If someone would have told me 18 months ago that I’d be on my own, managing to have a life, paying my bills and all round generally happy life I’d of told them to shut the front door and that they were utterly barking. But here we are. I’m on my own and I’m happy. Sometimes I don’t give myself enough credit for it all. I know I’m not the only person in the world to function on their own, working full time with kids/dogs/cats/horses, house, bills etc but sometimes it can feel like that.
So my average weekday consists of:
Alarm at 510am, Dog walk for 30-40 mins, Gym for 6ish, to be finished at 7ish so I’m in work for 8am. My work day can finish between 4-6 (4 out of 5 days it’s 5:30 finish) then home to walk the boys again for 30-40 mins, cook my tea, tidy up now I’m doing uni work and then tv and then bed. To repeat all this again the next day.
Weekends consist of Hockey during the season and sometimes working extra on a Sunday.
In between all of this I find time to see my friends, see my family, write this blog, paint, draw and sometimes even pick up my violin.
(Actually it makes me tired reading that back!!!)
It’s funny because I’m happier now on my own than I ever was with someone. Don’t get me wrong, I get lonely and I’d love someone that wanted to Netflix and chill with me or go out and get drunk or go and just do something fun but equally I’ve been so very lonely when I was in a relationship that this feeling of lonely is fleeting compared to it (if you’re one of my mates reading this those times I get a little lonely are the times you get sent memes or things I find funny or I barrage you with messages until you reply).
To combat the loneliness I do things for me now, things I enjoy. This weekend was a prime example. Saturday night dosed off on the couch, Netflix on. Then had a couple of glasses of wine, pottered around my house, played with the dogs, had radio one playing the Avicii essential mix tribute, doing some uni work and chatting to friends. By the time I looked at the clock it was about 1am. I genuinely was having a really good evening!!
The old cliche is correct, if you’re not happy with yourself no one else is going to be able to make you happy.
It’s not all been dancing to radio one and enjoying my own company though. There have been times I’ve been sobbing on the kitchen floor with the dogs, or I’d cry myself to sleep. There was a period of adjustment. Life on my own. It was/is scary.
You have to remember I’ve been in one form of relationships or another since I was 18 (13 years for those that can’t do the maths). I think the most scary part (for me anyway) was finally admitting I wasn’t happy. That we weren’t happy. It wasn’t good. Saying out loud that I wasn’t happy and this isn’t what I want my life to be like is awful. We had several practical reasons to try and make it work: a house, 2 dogs, a business, joint life stuff and all the stuff we’d gone through and we were engaged. We did try. But it just didn’t work. And here we are 12 months later and I’m happy. I’m single and happy.

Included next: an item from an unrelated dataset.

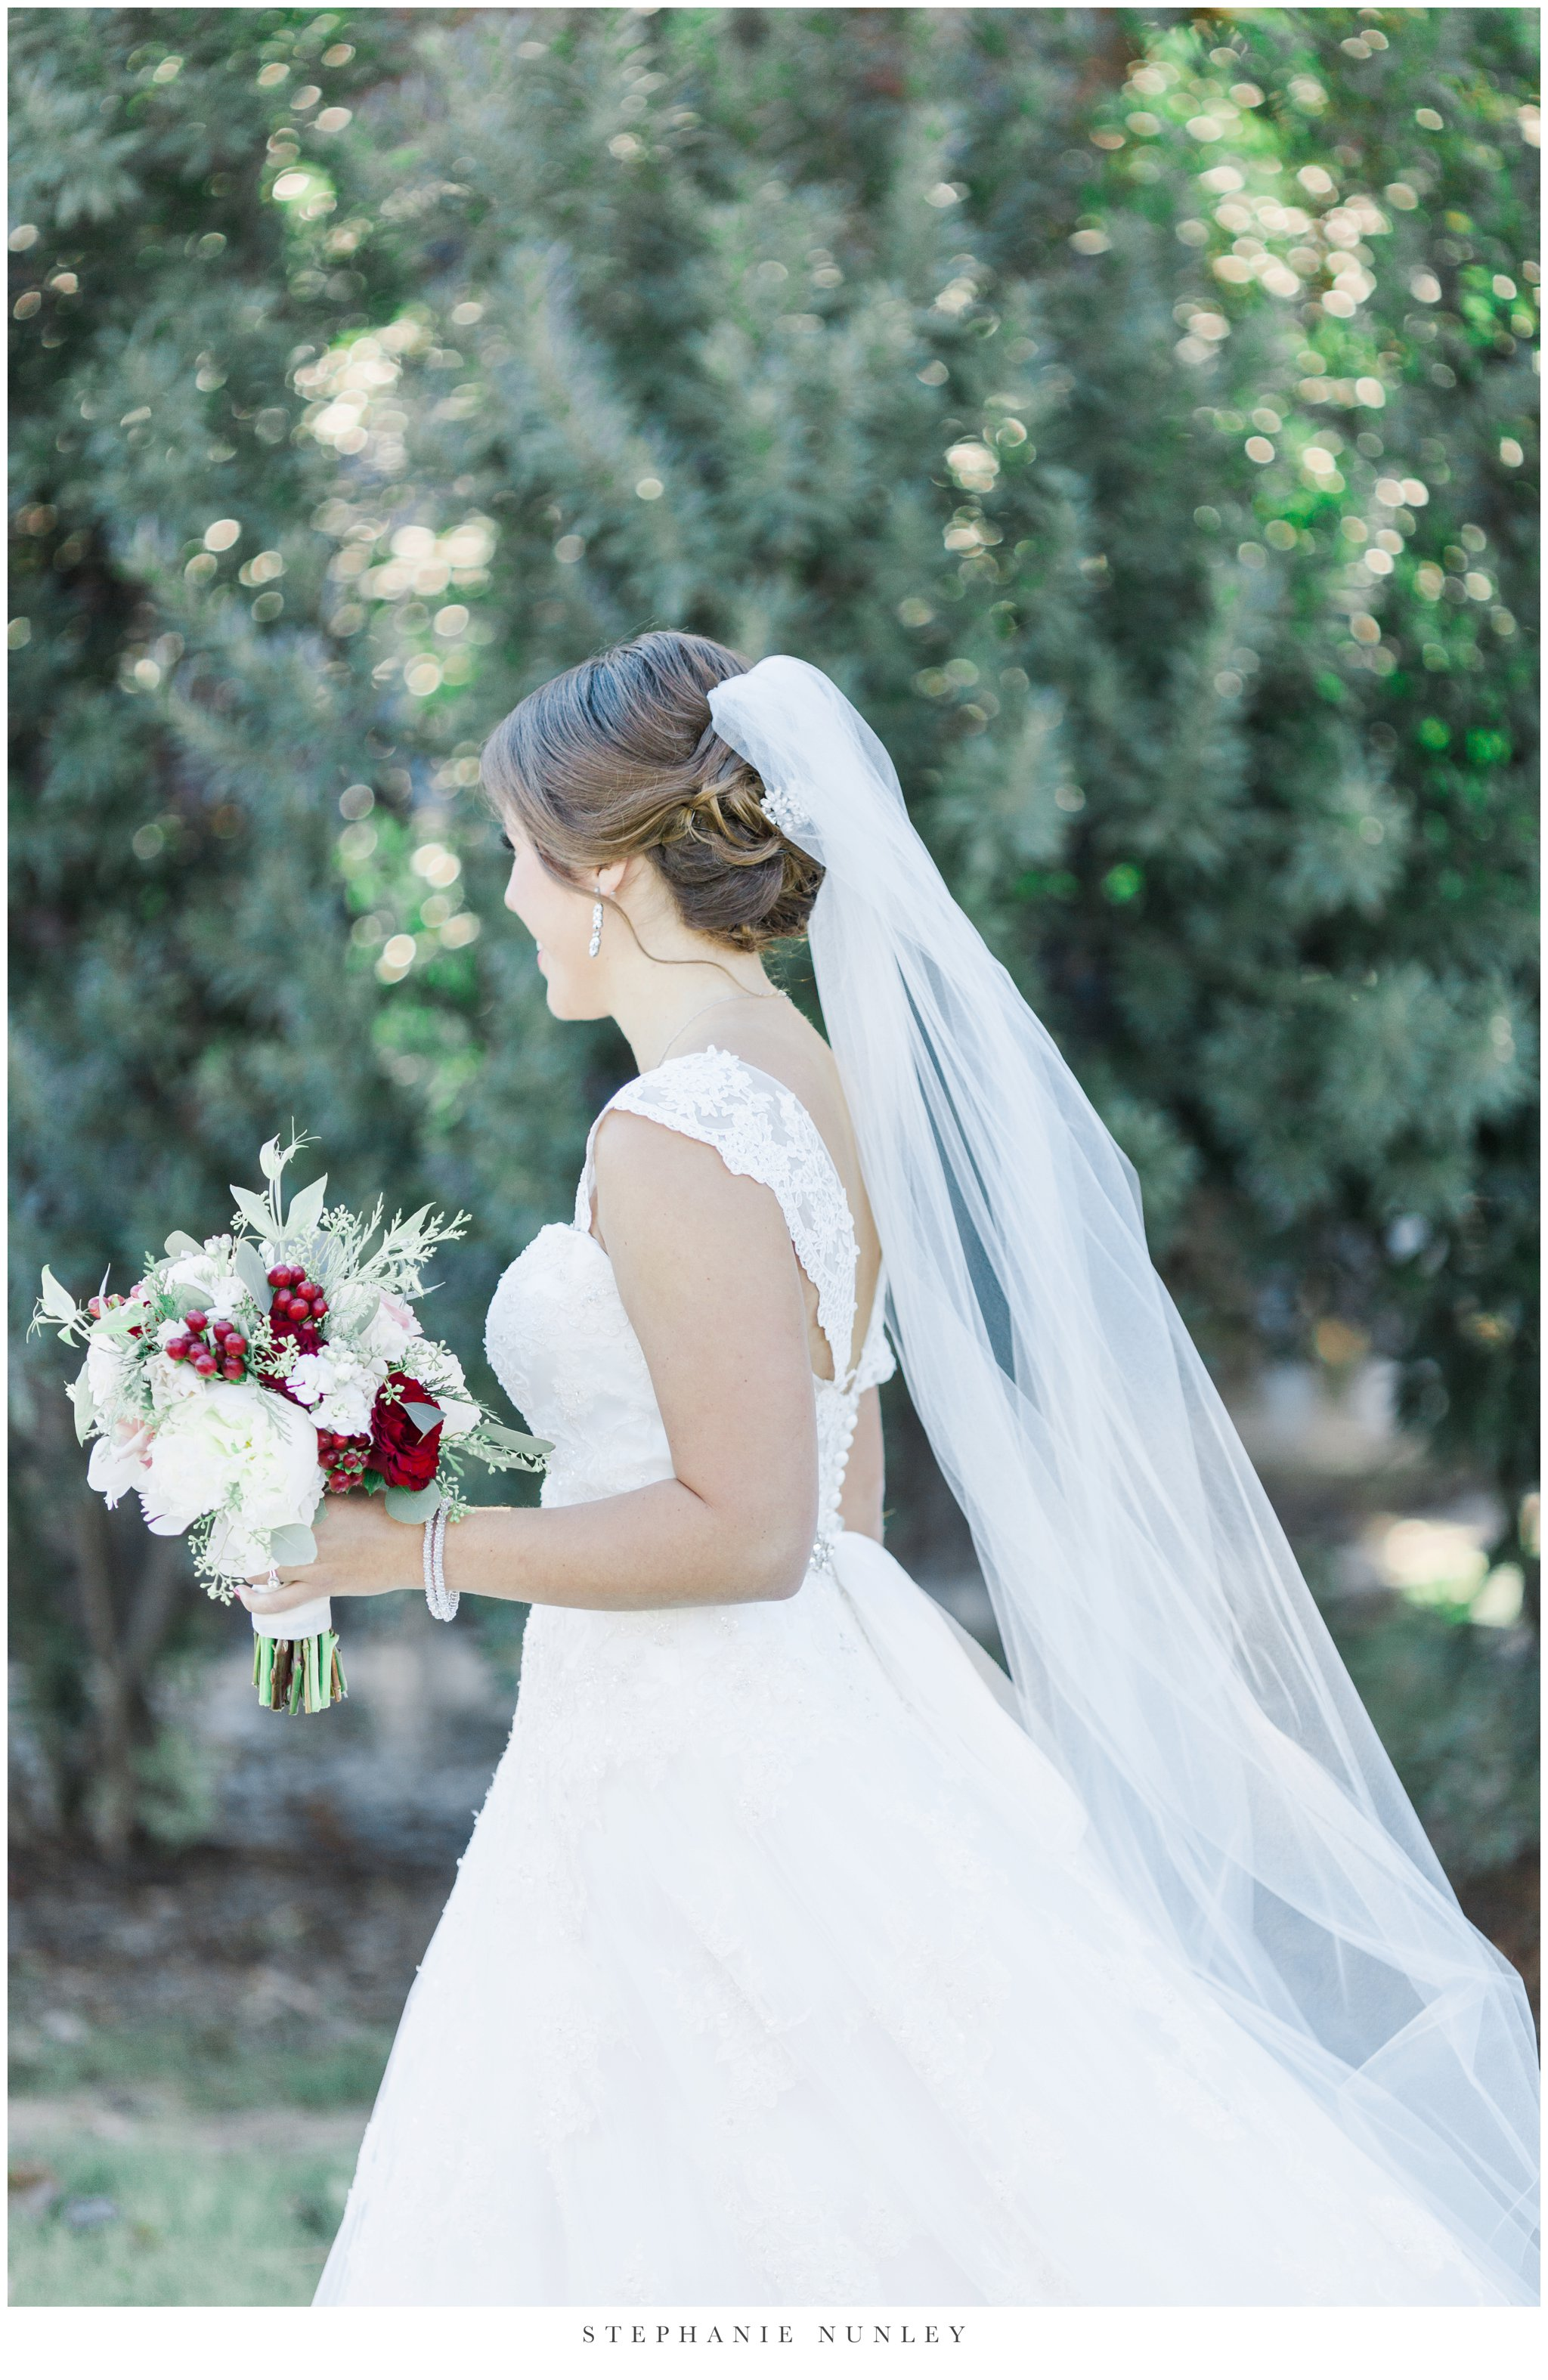 prelude-to-winter-wedding-photos-0016.jpg

I think the thing for me now is I know what I want. I’m not looking for a fairy tail or a knight in shining armour (I’ve met a few of them, they turned out to be gobshites wrapped in tinfoil in the end), or a Prince Charming (I’ve seen shriek…) I want someone who is my best friend, who shares common interests, someone who makes me laugh and someone I fancy. I do have a tick list of wants but I can’t put it all i here just in case someone reads and thinks ooo I’ll pretend I have all of those things and woo her (you might think that sounds daft but trust me, it happens…)
I look at my parents and I know they love each other. After all this time they might argue and disagree but there is no denying that my dad would do anything for my mum and vice versa. They’re best friends still now after all this time. And that’s what I want. Because once the magic has faded and the lust has lifted you’re left with a person. If that person isn’t kind or doesn’t make you laugh or you don’t have things in comment or you can’t get past their faults or you don’t trust them you’ve not got much chance of surviving.
And anyway what is a Queen without her king…well historically speaking usually more powerful, just need to ask Cleopatra, Victoria, Elizabeth, Nefertiti to name a few.
Right then now I’ve got that off my chest I just need to readjust my crown before I do the hoovering.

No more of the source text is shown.